Phineas Gage is arguably the most famous case study in the history of neuroscience. Gage was a railroad worker who in the autumn of 1848 was helping to prepare a new roadbed near Cavendish, Vermont, when an accidental explosion sent a three-foot tamping iron through his head. The missile entered the left side of his face, passed behind his left eye, and exited through the top of his skull. Gage, remarkably, lived to tell about the mishap.
But friends said he had changed -- that he was "no longer Gage" -- and this is what has intrigued psychological scientists. Formerly industrious and conscientious and amiable, he became irreverent and profane, incapable of returning to his former job. It appeared that the brain damage -- primarily to his left frontal lobe -- had dramatically altered his behavior and personality, the very essence of who he was.

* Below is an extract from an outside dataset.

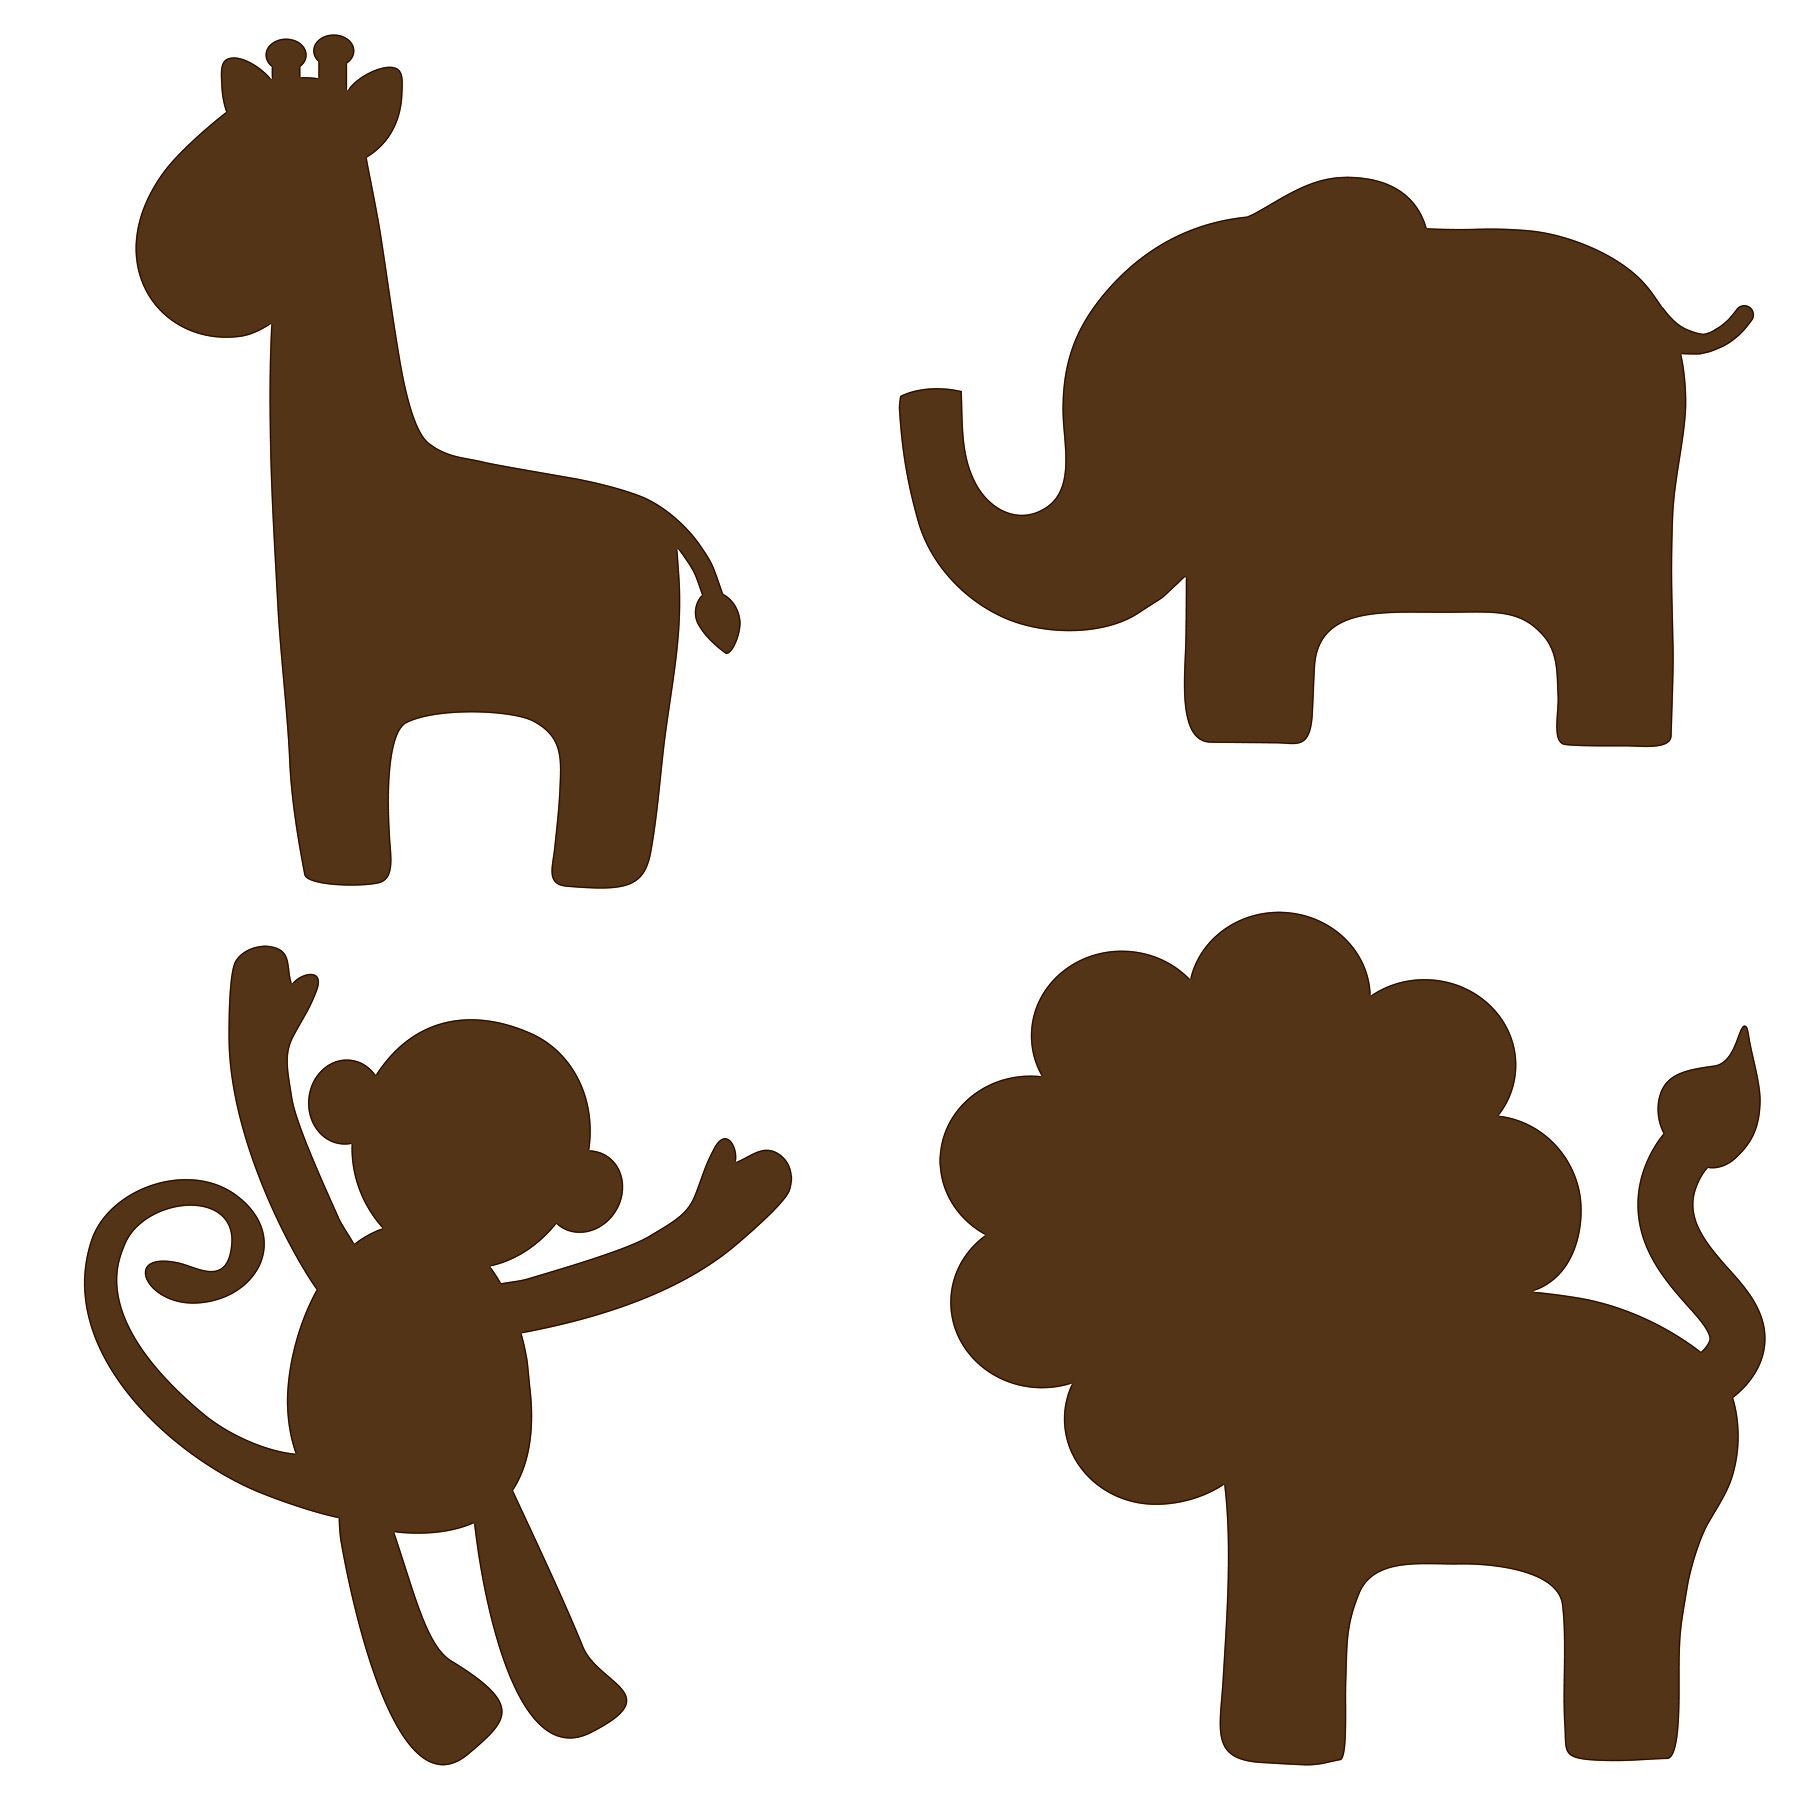 safari animal silhouette clip art at getdrawings com free for rh getdrawings com safari hat clipart free free safari clipart images

Much is in dispute about the facts in the case of Phineas Gage, but what endures is scientific interest in the brain as the seat of identity. There is a widespread public perception that dementia can lead to a loss of a sense of self, but this notion has not been rigorously investigated -- at least not from the perspective of close friends and family. One way to study this is to look at actual cases of brain degeneration, and see if the damage is linked to identity changes perceived by others. Do people with specific kinds of brain damage become no longer themselves, just as Gage became no longer Gage?
This is the basic question that Duke University psychological scientist Nina Strohminger has been exploring in her laboratory. She and philosopher Shaun Nichols of the University of Arizona wanted to see not only what brain damage does to others' perceptions of identity, but also the role of memory and morality to an enduring sense of selfhood.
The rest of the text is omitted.